I’m also incredibly proud of my photography and motion clip stock agency, Tandem Stills + Motion, which grew into it’s own by the end of year. As of December 31st, the company was churning dozens of licenses a month as well as a healthy profit, no small feat in today’s economy. I was proud to represent the work of many colleagues whom for many years I’ve looked up to, people like Justin Bailie, Karine Aigner and Jeff Yonover. I’m also proud of all the new, amazing talent on the scene that have trusted us to represent their unique vision, photographers Ben Herndon, Patrick Brandenburg, Brett Holman and Ethan Welty. January is already set to be a record month for the agency and our images are proudly running in nearly every major publication in the country from National Geographic to Backpacker, Men’s Journal, Outside, Mountain Living and more. 2012 will be epic.
2011 was also a major year for my own images showing up in print. From a major tourism advertising campaign for the state of Montana to the Autumn 2011 cover of The Nature Conservancy magazine, an organization that is truly a force for nature. It also heralded in the beginning of my mainstream multimedia reportage on TNC’s iPad App.
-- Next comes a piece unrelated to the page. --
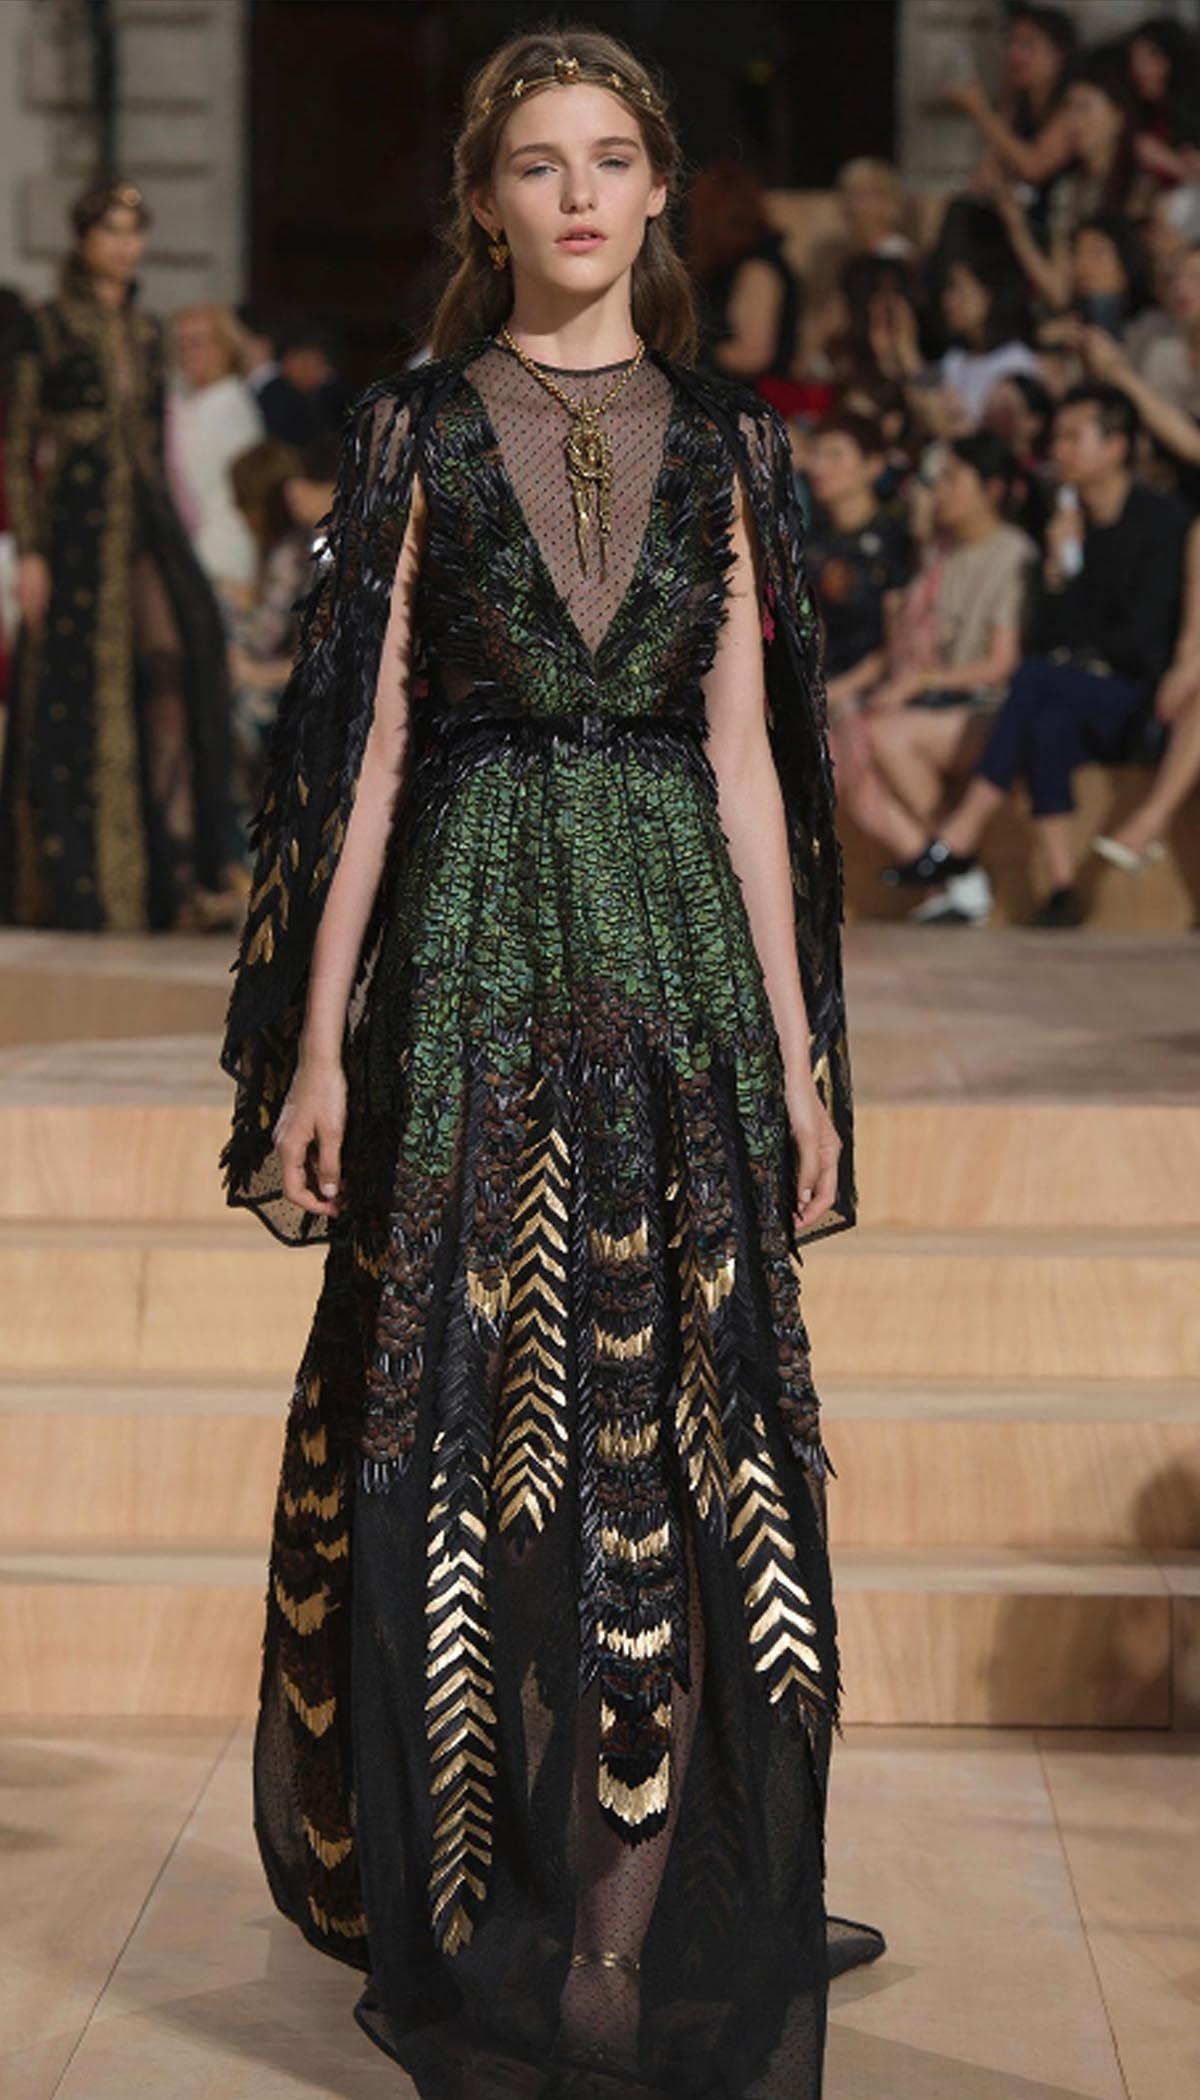 4bc47f03d662aaa Detalles pasarela Valentino couture otoño/invierno 2015-2016 ...

This of course was also another big year for my dialogue-building program in Afghanistan known as Wilderness Diplomacy. This effort uses America’s greatest environmental resources – and my photographs of them – as a way to open dialogue. The initiative found new life as the cover story of Sierra Magazine’s May/June issue. To date, many different divisions of our government use my book on our national parks as a diplomatic tool, including the Department of Defense, State Department, Department of the Interior and National Park Service.
We of course can’t forget my celebrity debut with the guys of hit television show One Tree Hill in our own, outdoor mantastic voyage, Wild Life: A New Generation of Wild, a 15-minute multimedia experience that followed me and the team through the wilds of Florida’s back country bringing the outdoors to literally millions of viewers around the world. Within a week, we amassed over 750,000 views on Facebook, 10,000 twitter followers and a following in over 120 countries. I realized then the power of having a voice and a viewership and I couldn’t be more grateful for all the amazing words our fans shared with us.
Of course I’m incredibly excited about the publication of book 2 (sort of), the paperback edition of The National Parks: Our American Landscape. This companion to the hardcover book of the same name was released in April 2011 (the hardcover in August 2009) by Earth Aware Editions. The sales have been strong and it’s already in dozens of National Parks across the country. The new book wasn’t just a reprint and redesign in a smaller format, but I also managed to add over 40 new images and parks that weren’t in the first one.
And last but not least and certainly most recent, the beginning of my first feature documentary film Healing Waters began principal photography in India in October/November. We’ve already assembled a rough cut and I can’t tell you how excited I am about where this beautifully rich film will go. I hope that this project will enlighten and engage people on the importance of our planets 2nd largest river, it’s dwindling health and the incredible effort to save it. This may possibly be the largest restoration effort ever undertaken.
I’m excited for 2012! I’m excited to share footage and a first look at Healing Waters as well as some other stories I shot, including a beautiful feature on Yosemite National Park’s lesser known places, which is scheduled for the Spring 2012 issue of National Parks magazine.
Thank you to everyone for a great year and I’m excited about the one ahead!